Since NATO was founded in 1949, only one member has ever invoked Article 5: the United States following the Sept. 11, 2001, terrorist attacks.
Poland’s immediate response to the deadly explosion was to consult with its allies under Article 4 of NATO’s founding treaty.
It is important to remember that Article 5 does not spontaneously kick in, as retired Army Lt. Gen. Ben Hodges, former commander of U.S. Army Europe, tweeted on Tuesday.
Russia had launched a fierce fusillade of at least 86 cruise missiles against Ukraine on Tuesday, possibly in response to Ukraine’s recent capture of Kherson. For more than a month, Russian missile attacks have targeted Ukraine’s infrastructure, leaving large swaths of the country without electricity and other utilities.
The U.S. and other NATO members have provided Ukraine with various air defense systems. Slovakia has given Ukraine its Soviet-era S-300 missile defense system and the Defense Department recently announced that its latest assistance package to Ukraine includes Avenger air defense systems which utilize Stinger missiles.
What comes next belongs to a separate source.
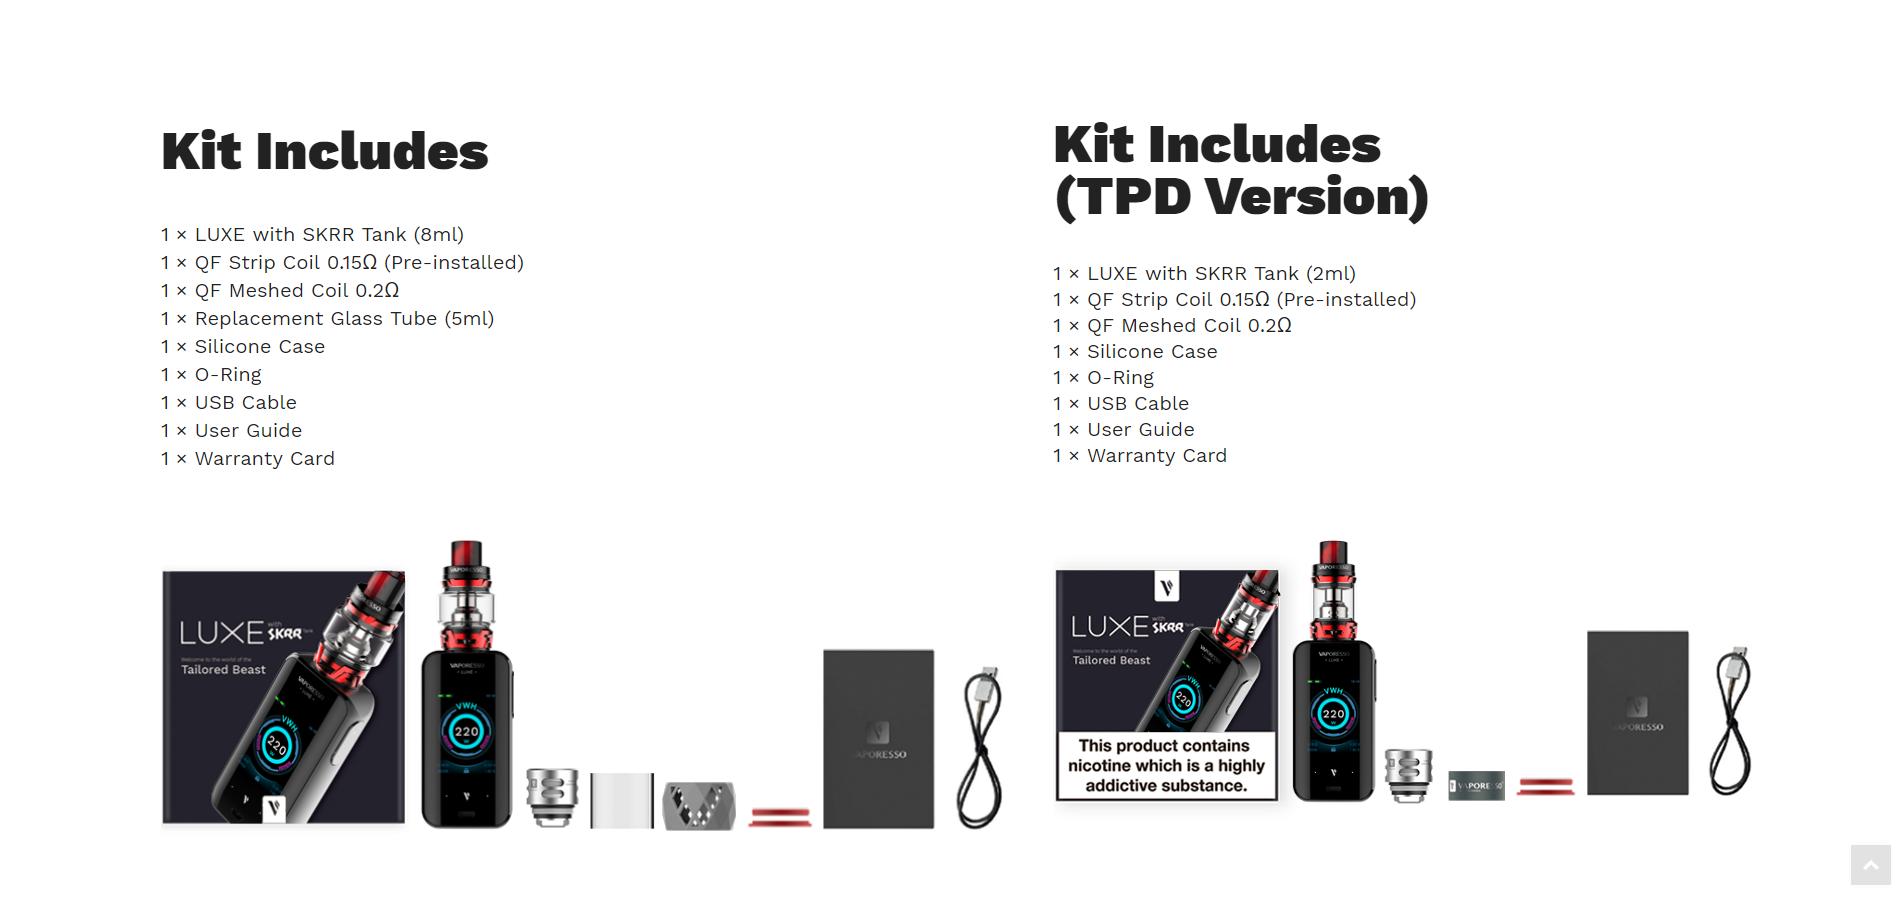 Vaporesso Luxe Kit kopen, Vaporesso Luxe Kit kopen Belgie, Vaporesso Luxe Kit kopen Nederland, Vaporesso Luxe Kit kopen online
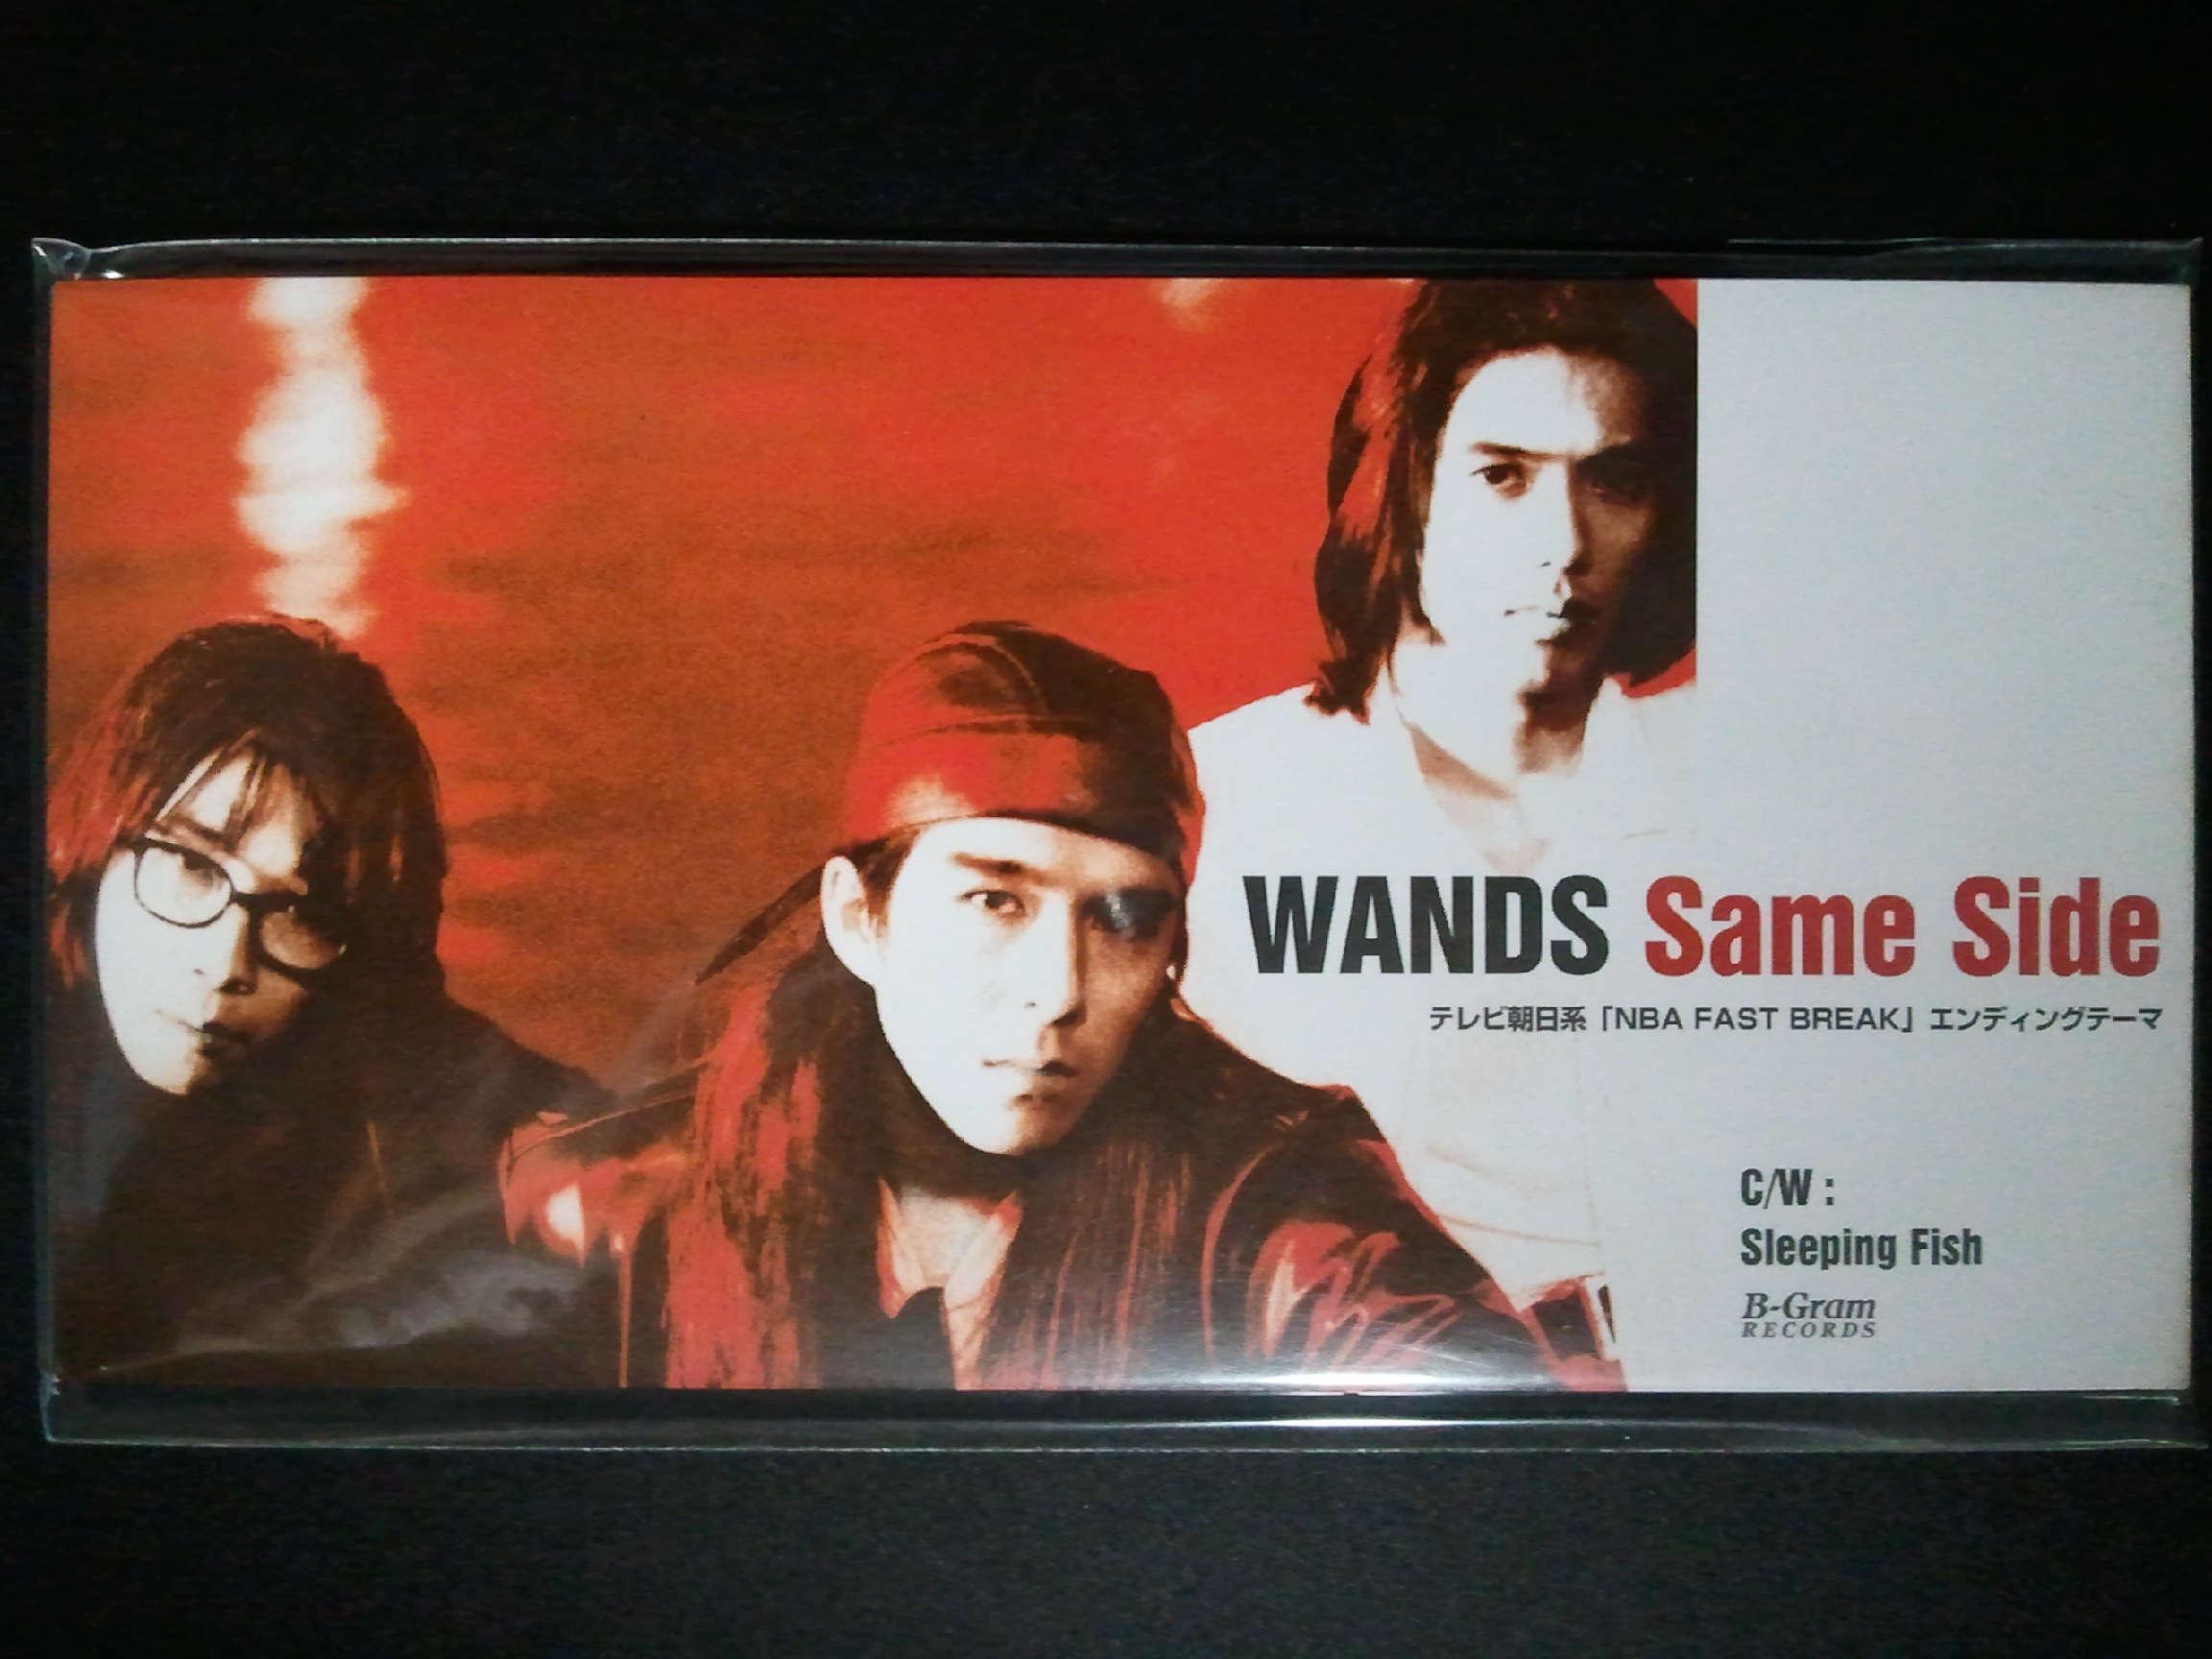 WANDS Same Side

NATO efforts to provide Ukraine with more air defense systems have become the alliance’s priority since Russia began launching “indiscriminate attacks on Ukrainian cities a few weeks ago,” Stoltenberg said on Wednesday.
“I welcome that more and more Allies and partners are providing advanced air defense systems to Ukraine,” Stoltenberg said. “NASAMS, HAWK batteries from Spain and others, and I also know that Sweden has made the new announcement of additional support also with air defenses to Ukraine.”
“We need a layered defense of Ukraine,” he added. “That’s exactly what Allies are providing in different ways.”